What the task requires:
What you submit must be an exact copy of the listing below, with no images in it.

Source data:
+++

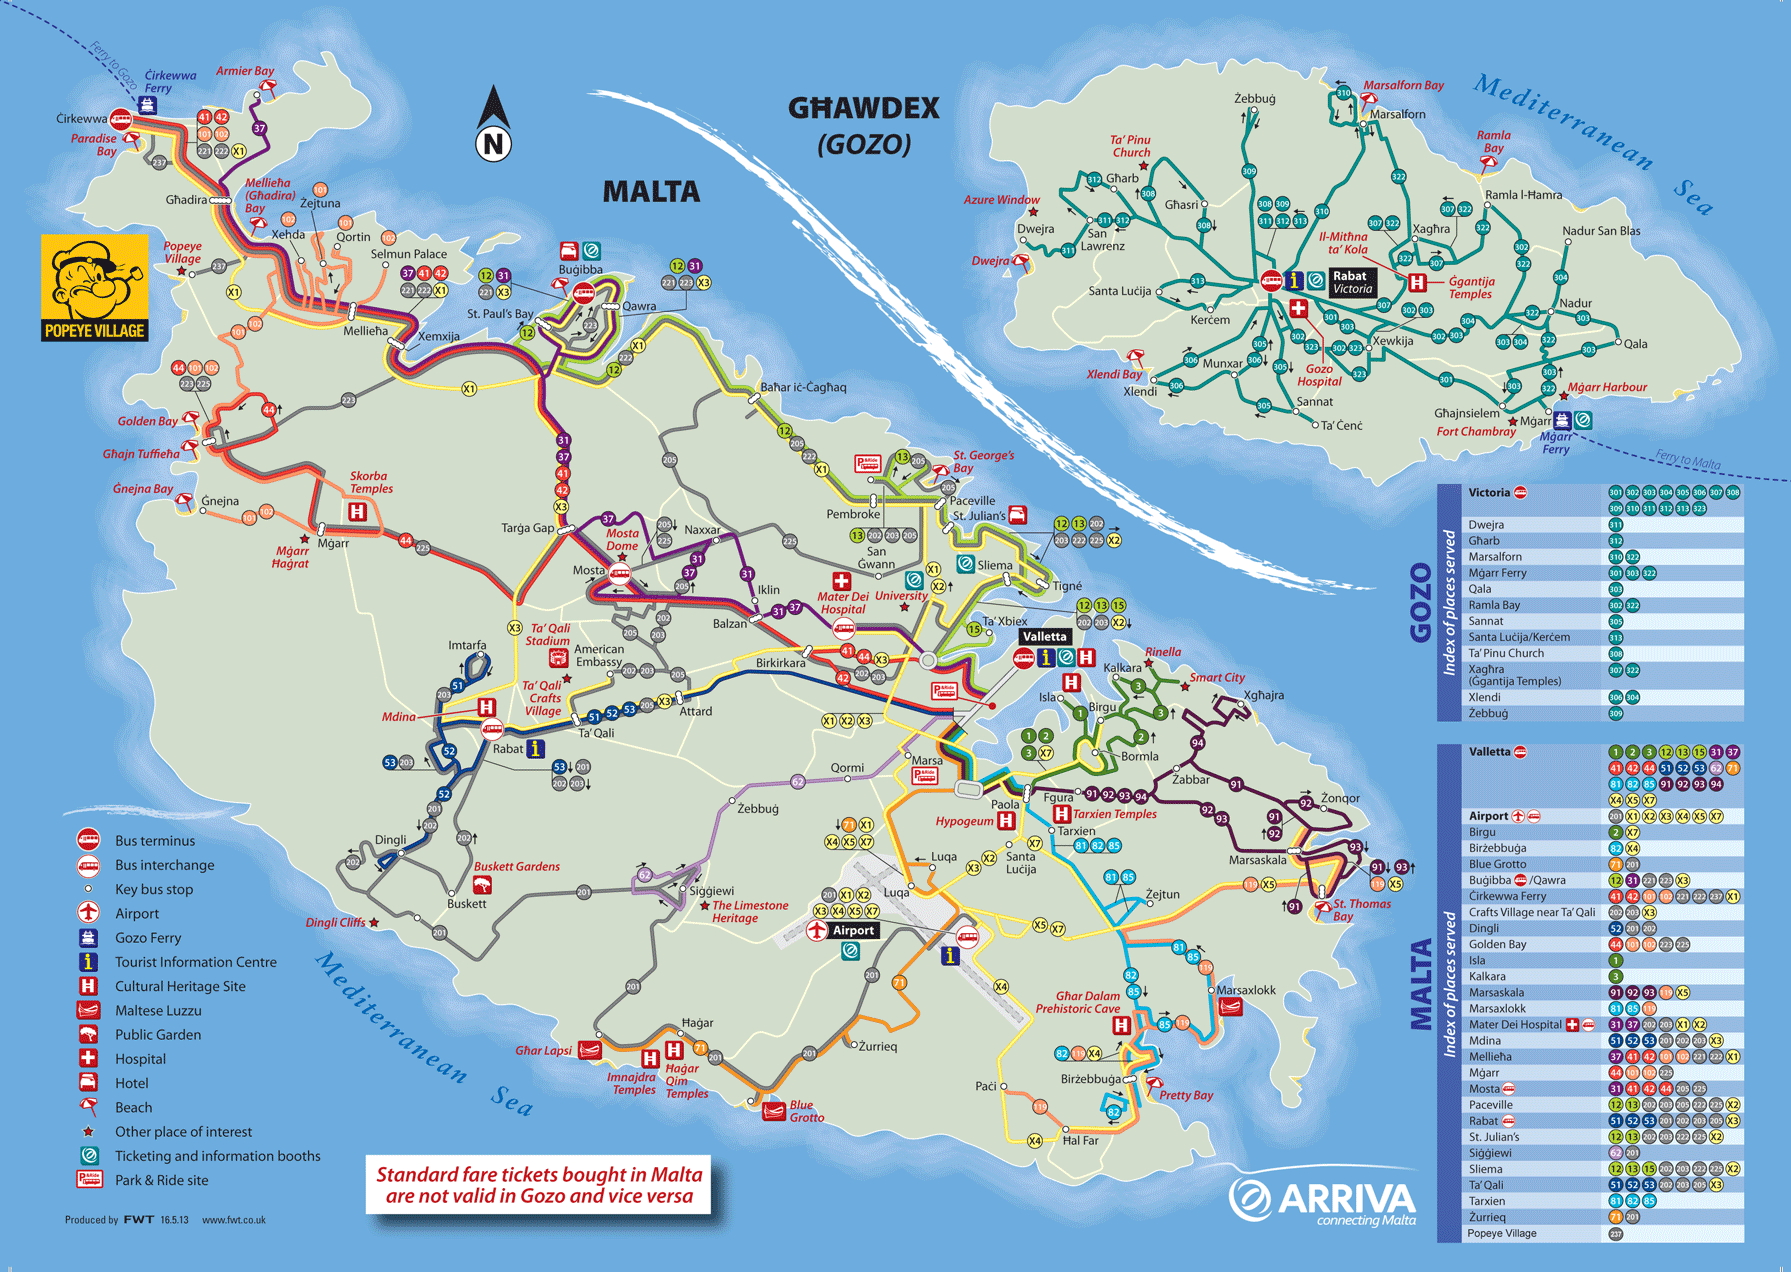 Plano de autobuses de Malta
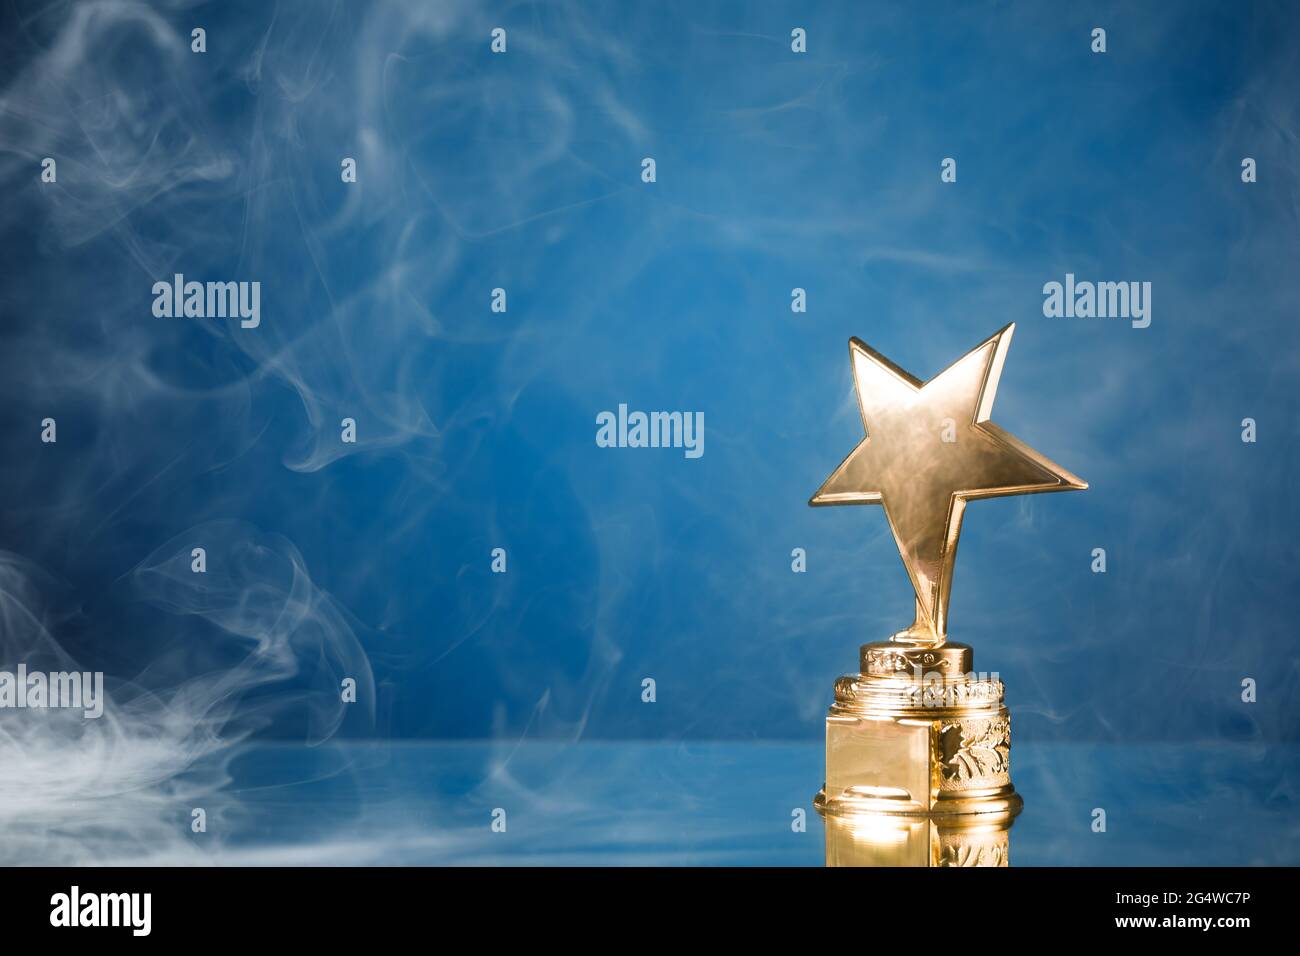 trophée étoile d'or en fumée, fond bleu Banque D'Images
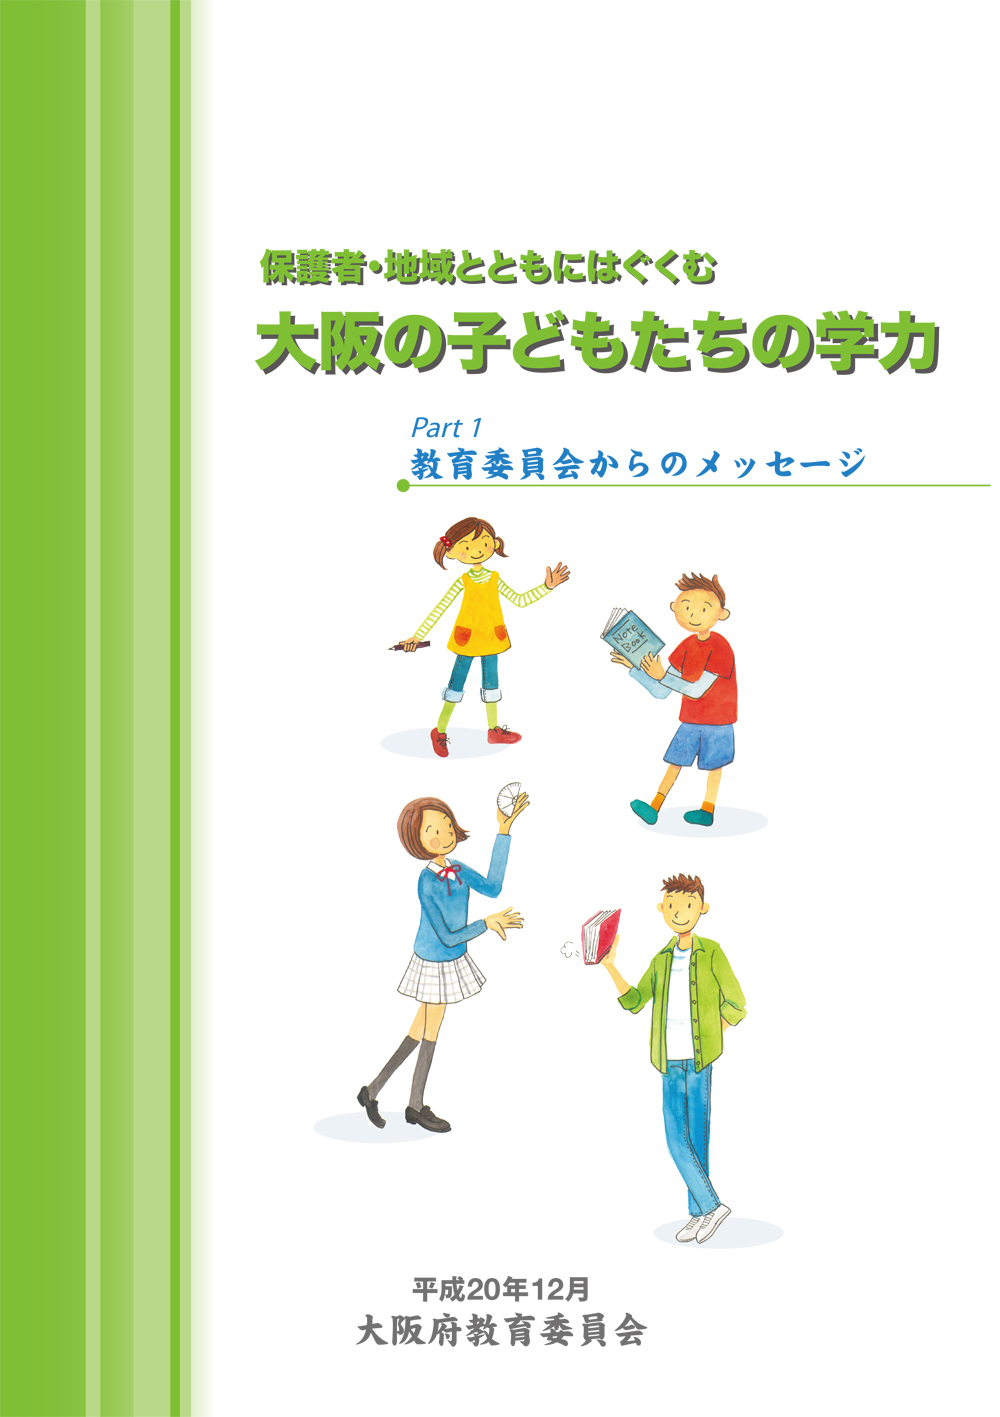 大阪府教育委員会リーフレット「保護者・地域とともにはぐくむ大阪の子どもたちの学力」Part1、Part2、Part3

+++

Final answer:
 Plano de autobuses de Malta
 trophée étoile d'or en fumée, fond bleu Banque D'Images
 大阪府教育委員会リーフレット「保護者・地域とともにはぐくむ大阪の子どもたちの学力」Part1、Part2、Part3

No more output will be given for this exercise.